> [Raw data]

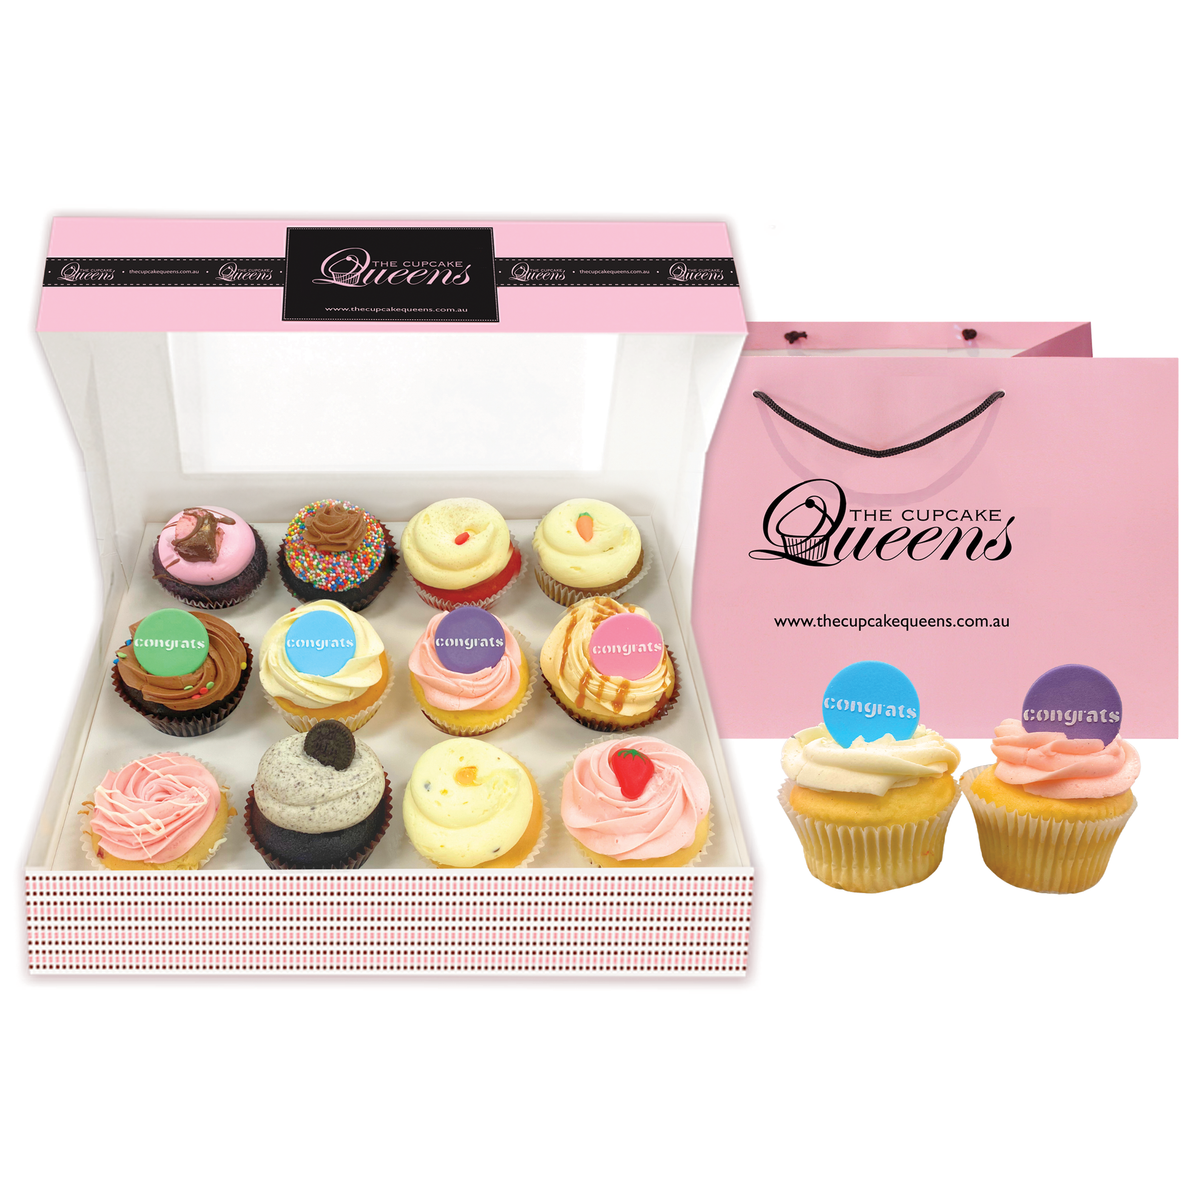 Congratulations Gift Box Cupcakes
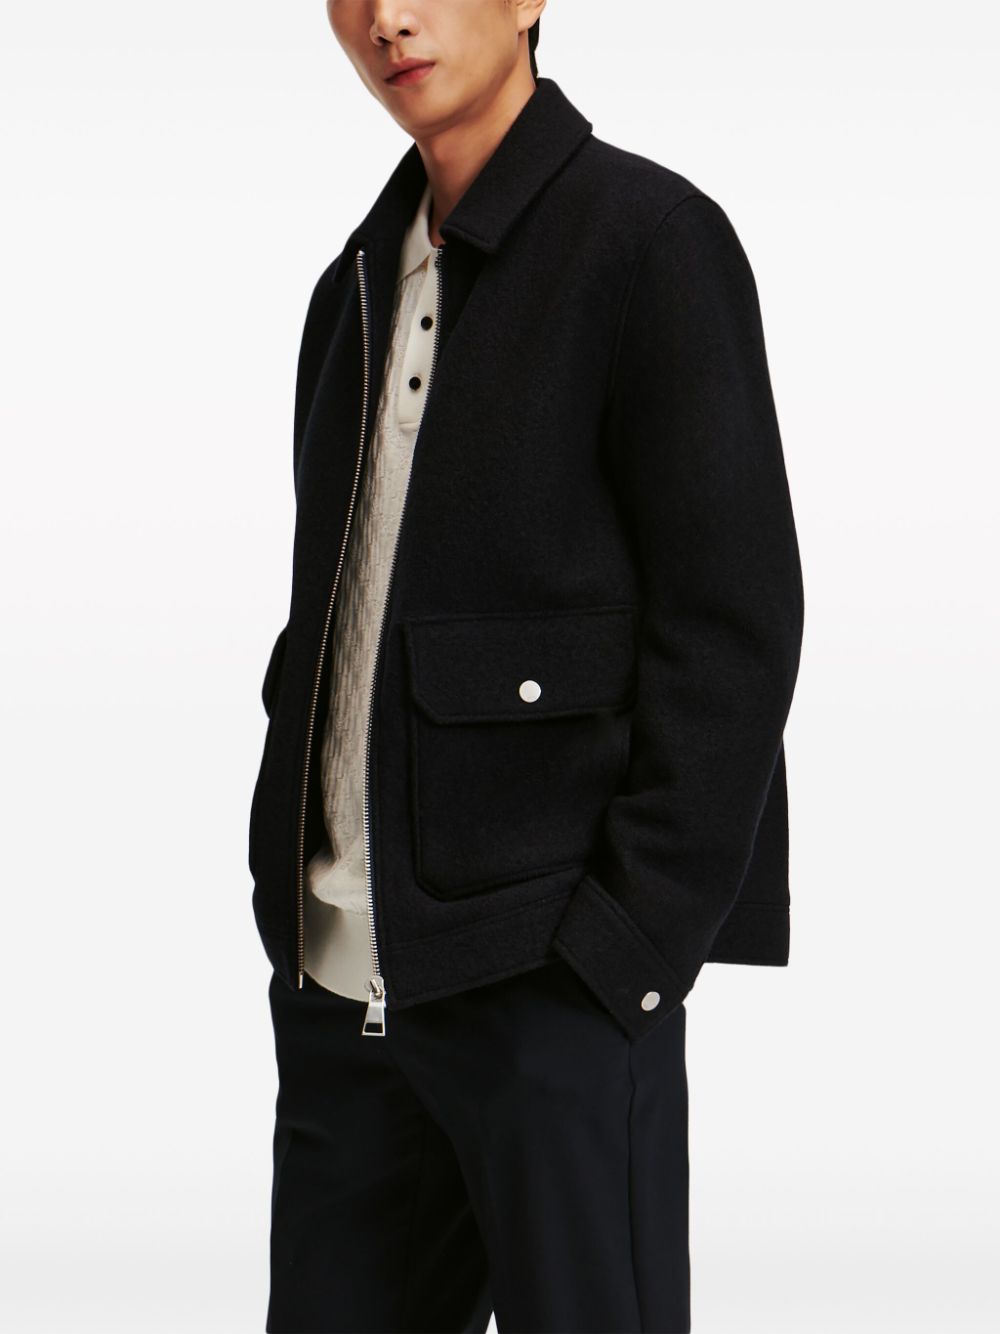 Karl Lagerfeld Bouclé shirtjack Zwart
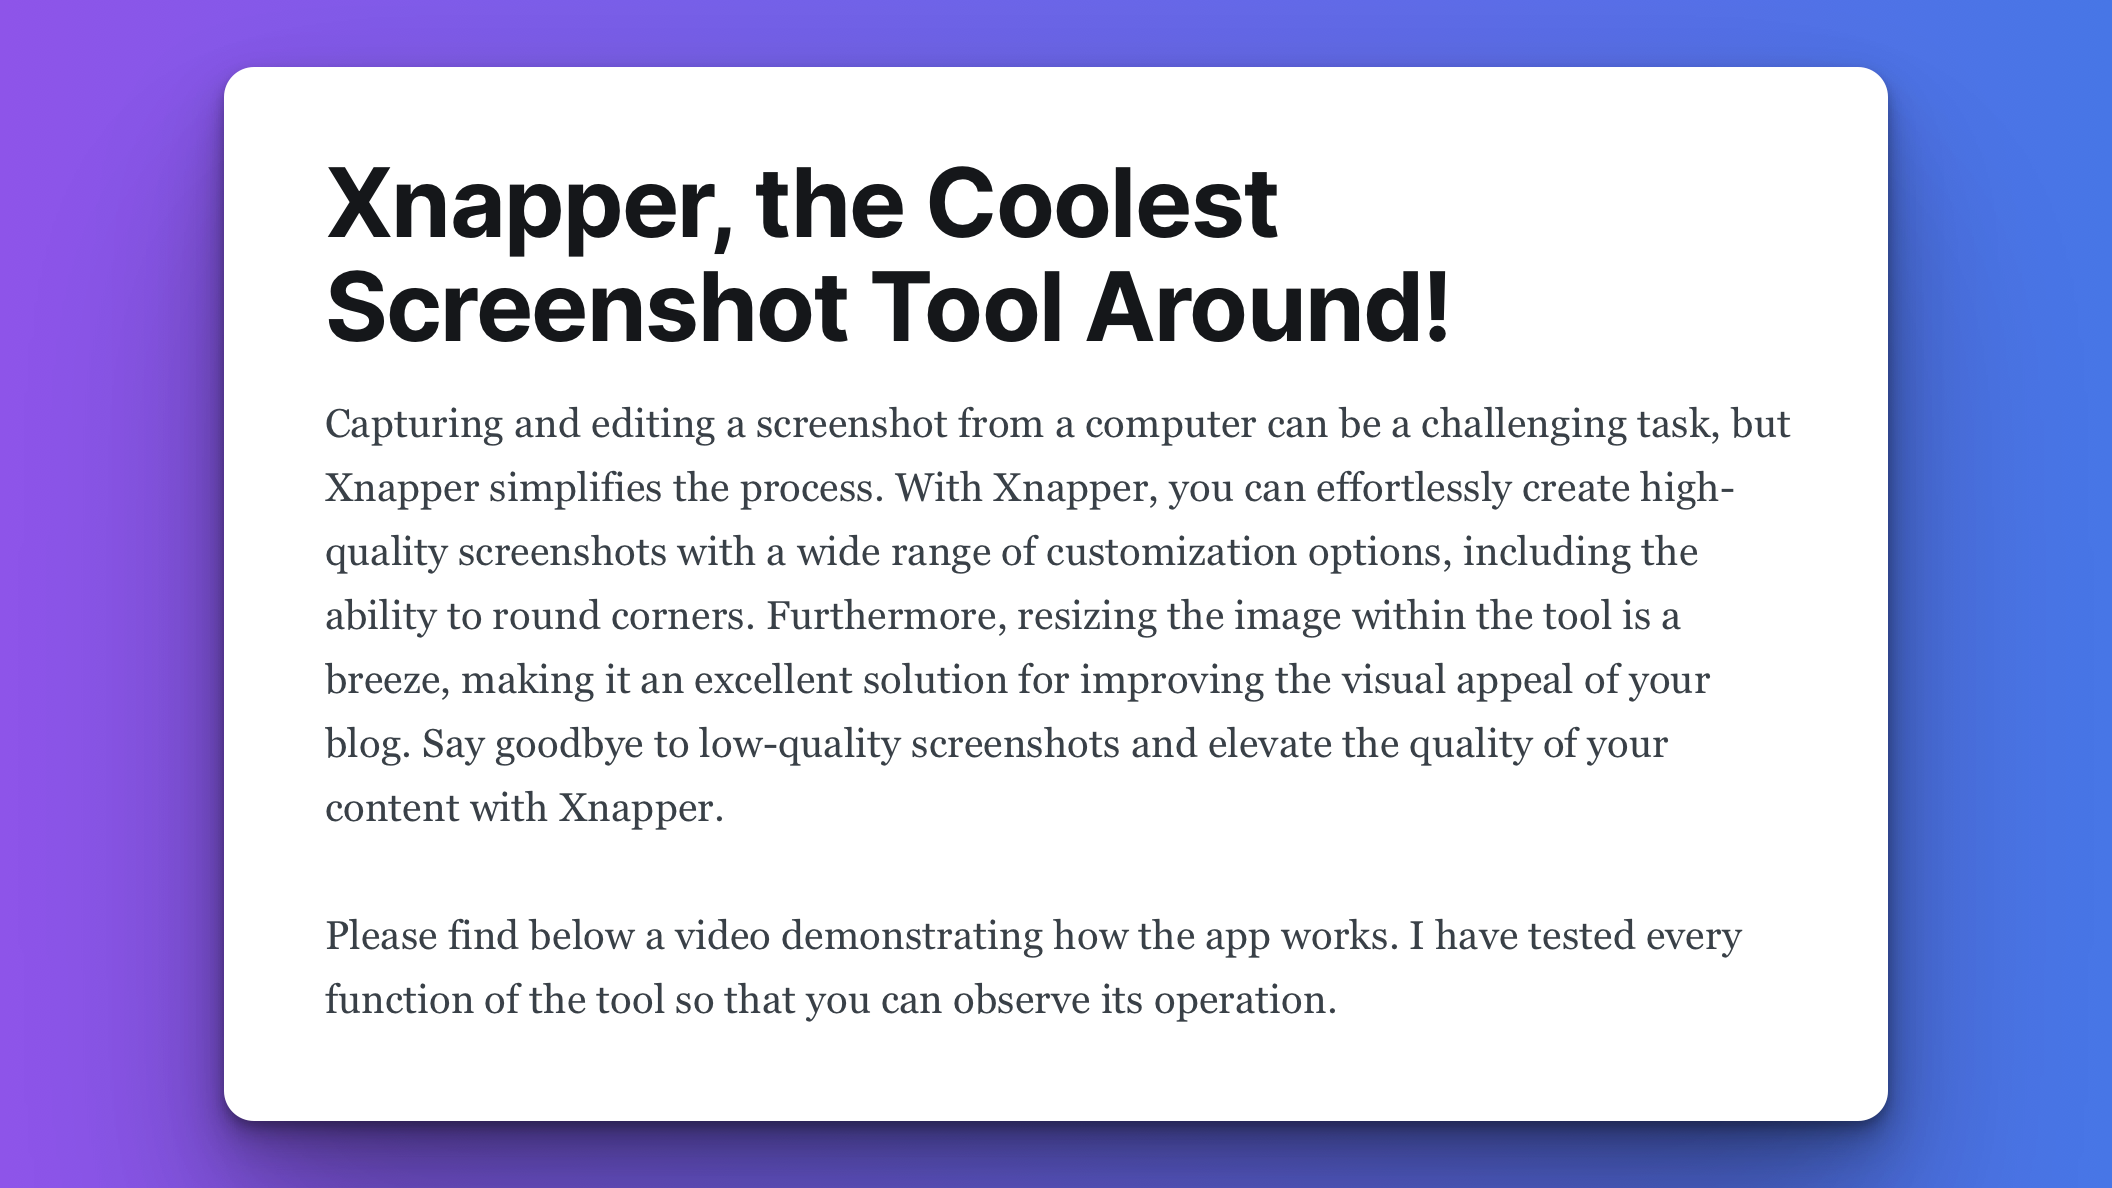 Xnapper, the Coolest Screenshot Tool Around!

> [Exercise objective] Please produce an exact copy of the listing, omitting the pictures.

> [Solution]
 Congratulations Gift Box Cupcakes
 Karl Lagerfeld Bouclé shirtjack Zwart
 Xnapper, the Coolest Screenshot Tool Around!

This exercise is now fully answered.